• _WORK INSTRUCTION_
How do the lines below between the ones holding "A little more persistence, a" and "19thc. French Antique", inclusive, read? Give them again exactly, with no other lines.

• _GIVEN ENTRIES_
++++++++++++++++++++

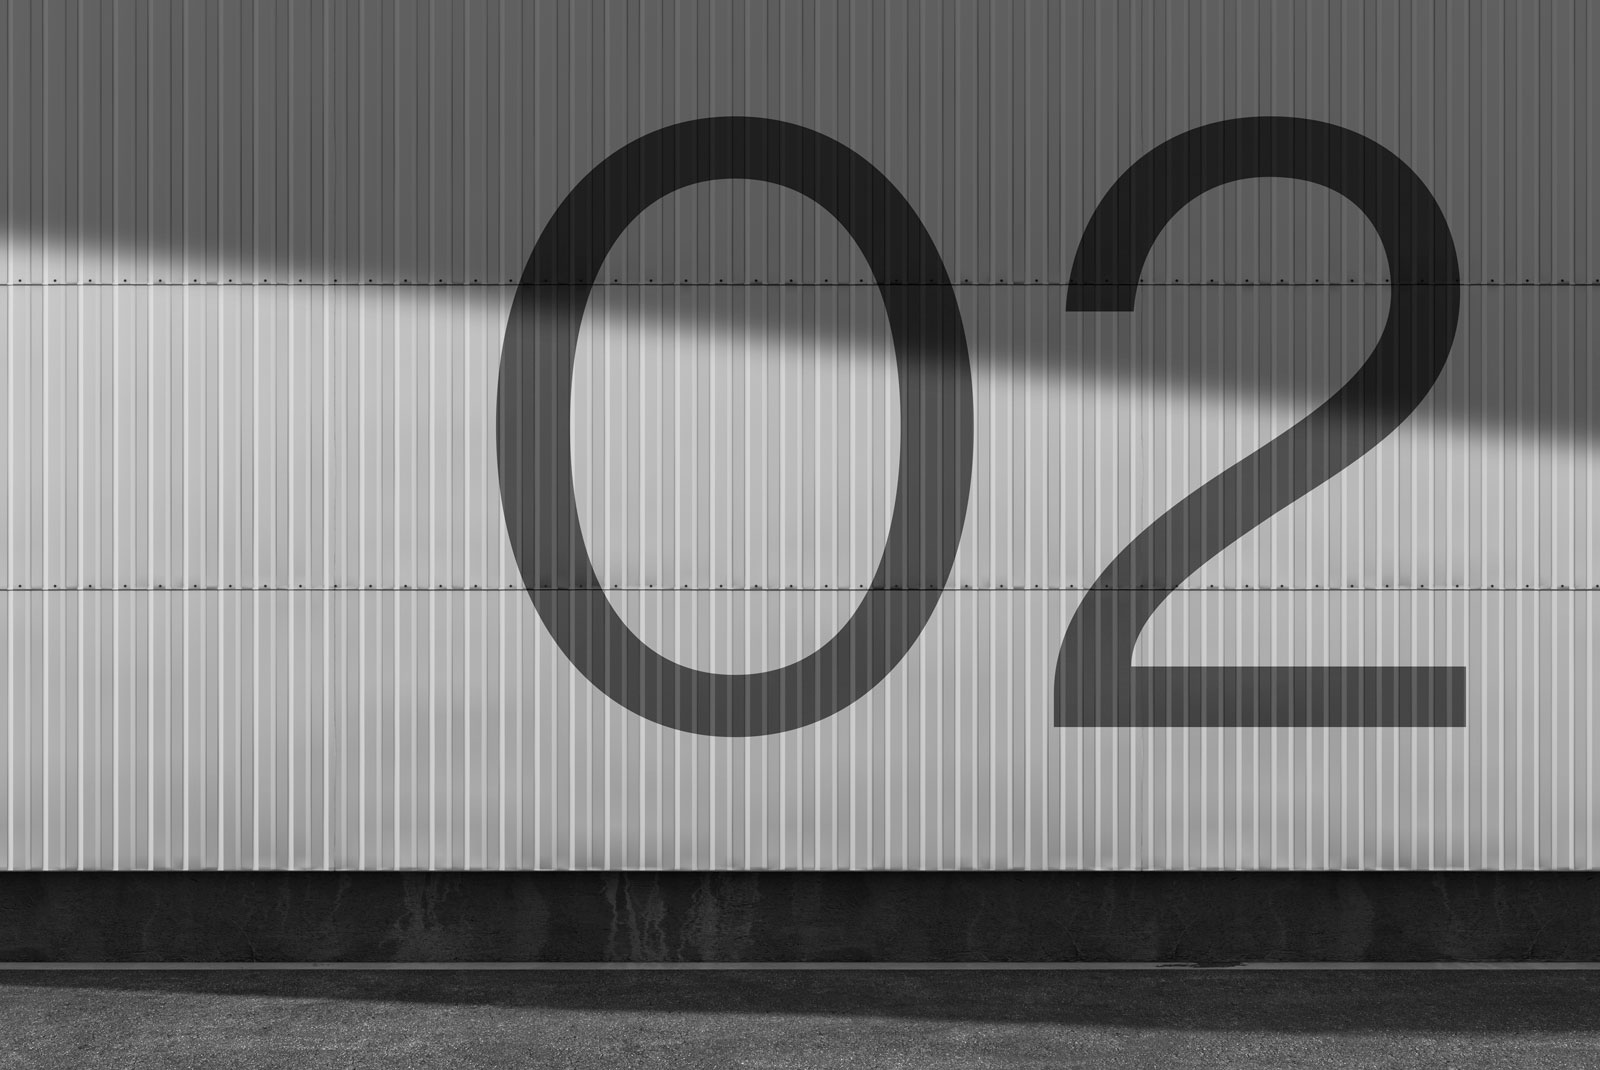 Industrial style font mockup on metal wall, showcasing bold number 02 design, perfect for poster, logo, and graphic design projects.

++++++++++++++++++++

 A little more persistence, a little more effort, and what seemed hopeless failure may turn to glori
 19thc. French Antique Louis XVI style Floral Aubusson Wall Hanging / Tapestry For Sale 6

++++++++++++++++++++

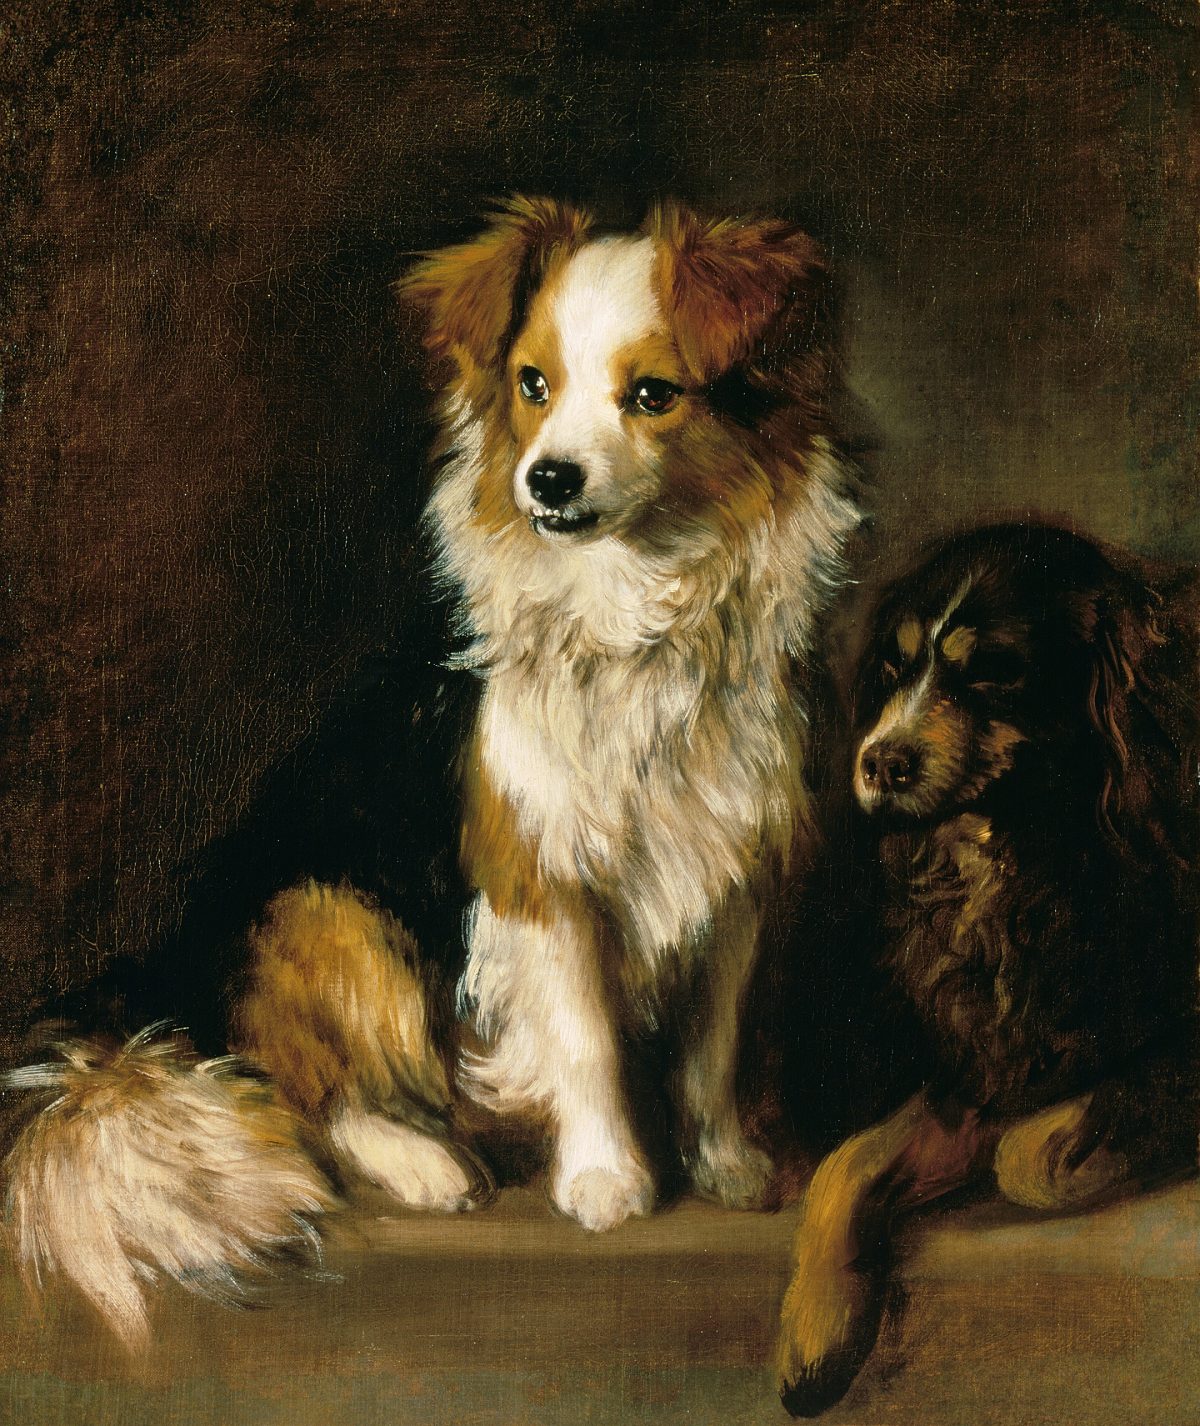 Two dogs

++++++++++++++++++++

• _ANSWER SPACE_
 A little more persistence, a little more effort, and what seemed hopeless failure may turn to glori
 19thc. French Antique Louis XVI style Floral Aubusson Wall Hanging / Tapestry For Sale 6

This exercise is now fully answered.